As public health increasingly moves toward automated capture, lab data are becoming an invaluable asset for public health agencies. However, a major challenge emerges when the code sets for lab test names appear differently from one information system to another, and the raw data inputs from different labs are of poor quality. Building on top of the issue, we bring up our core question:

Given two lab test inputs (raw names), can we harmonize the same type (grouper)? For example, a raw name ACT PARTIAL THROMBOPLASTIN TIME (BKR) belongs to a grouper type of aptt.

What is Harmonization?

Harmonization is essentially a process of NLP deduplication. In this project, we attempt to:

  • Match messy lab test data of poor quality
  • Identify the same test type based on texts provided by the structured dataset
  • Validate the process of cross-connection between different datasets or test representations

Part I: Text-Space Matching

✨ Find details HERE

  • Generate test names embeddings with Bio-BERT, a BERT architecture pretrained on biomedical corpora.
  • Compare cosine similarity between raw names and groupers embeddings within identified ground-truth data and match each unique raw name with the grouper representing the highest similarity in cross-comparison.
  • Evaluations and diagnosis on the model performance show that our current Bio-BERT structure performs well on linking specific groupers label (such as bilirubin, fibrinogen, and hematocrit) to raw names with high AUC scores and clear similarity threshold to separate the grouper vs. non-grouper.

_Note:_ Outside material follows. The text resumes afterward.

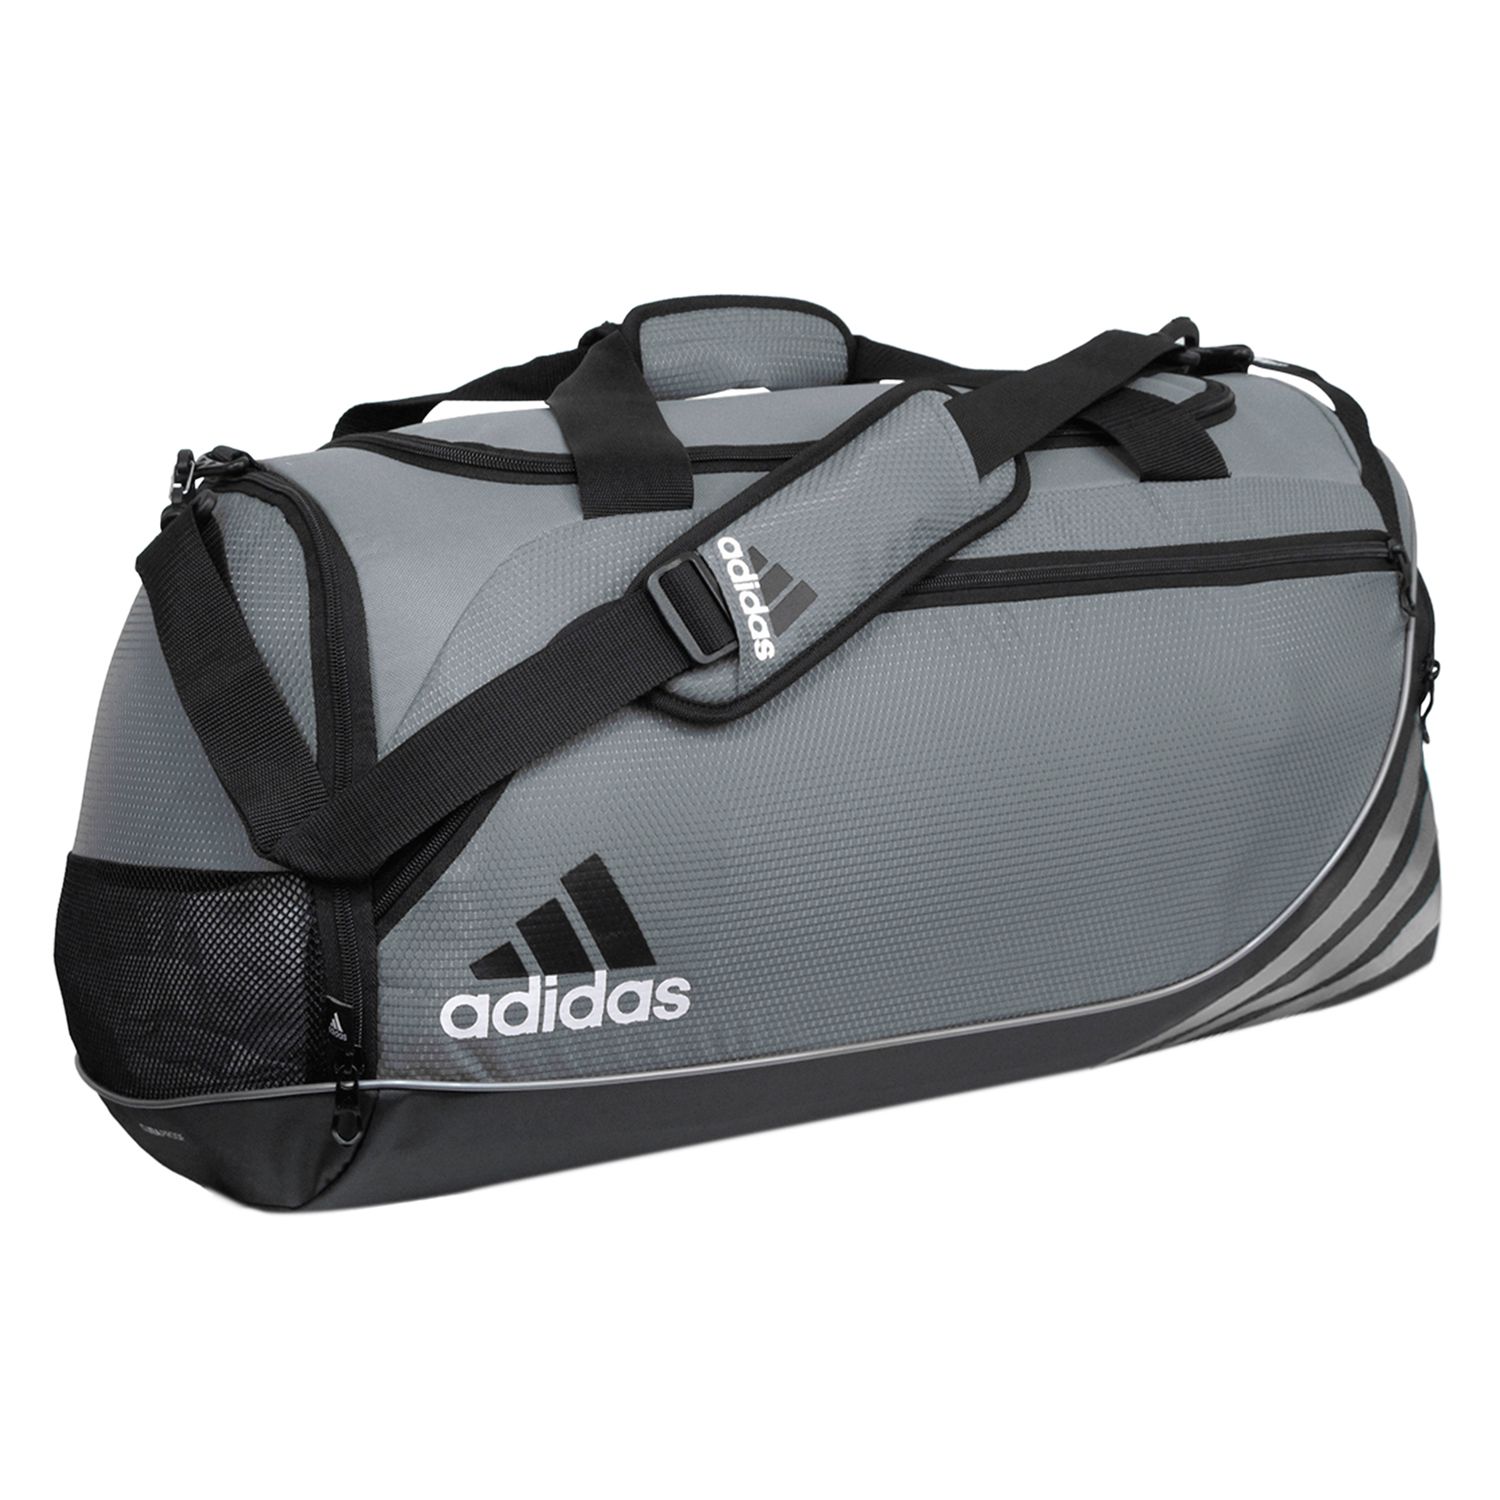 adidas speed duffel bag

Part II: Text-Numeric Concatenated Matching

✨ Find details HERE

  • Incorporate numeric test result for each unique raw names in the lab database for accuracy, calculate a 7-dimension statistics (minimum, 25 th percentile, median, 75 th percentile, maximum, mean, and standard deviation) based on observations within each raw name and grouper label for numeric embeddings, and repeat the cross-comparison and AUC evaluation process. The legitimacy of numeric embeddings has been pre-evaluated by two-component PCA.
  • Concatenate both numeric and text embeddings to evaluate the full performance of the model.

poster

Results

Based on numeric-only embeddings, we show that the ability for linking raw names to correct labels is effective for some groupers but limited to relatively low predictive performance for others.

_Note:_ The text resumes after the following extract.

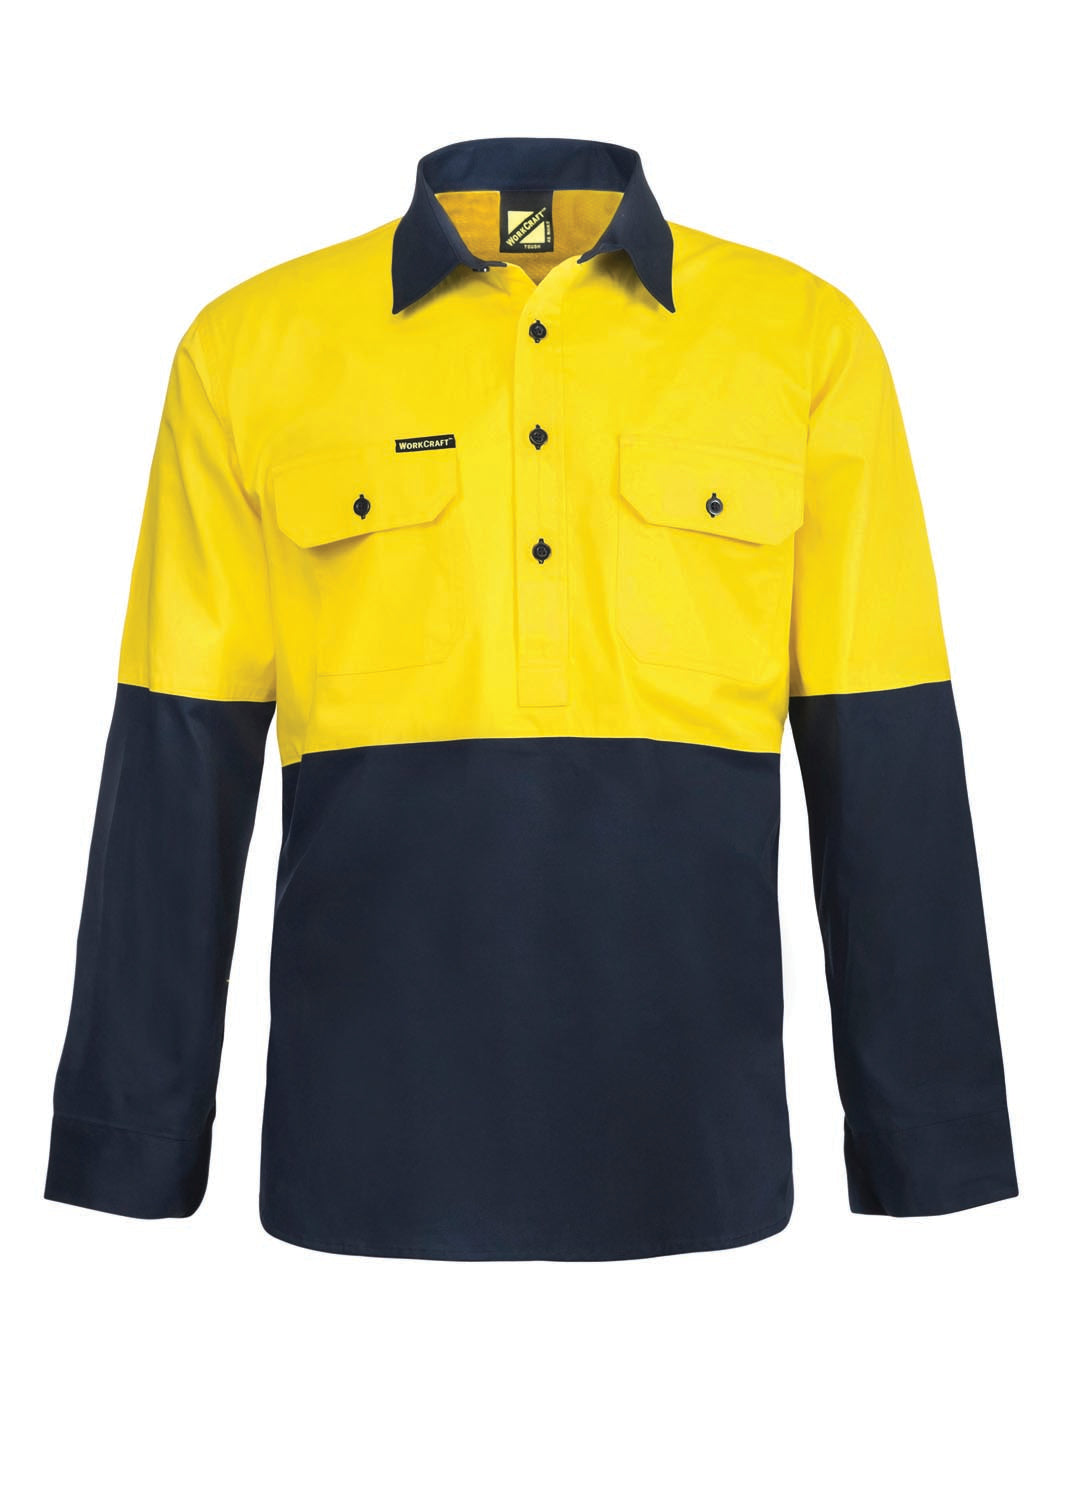 WS4255 custom vented tradie work shirt - Yellow

With the addition of text embeddings from Bio-BERT, the full model yields high-performing ability in identification and linkage, capturing both the distribution characteristics of numeric test results and the semantic meaning of the biomedical text labels. This indicates a promising results on the integrative method to include more essential information while avoiding overfitting on the current dataset.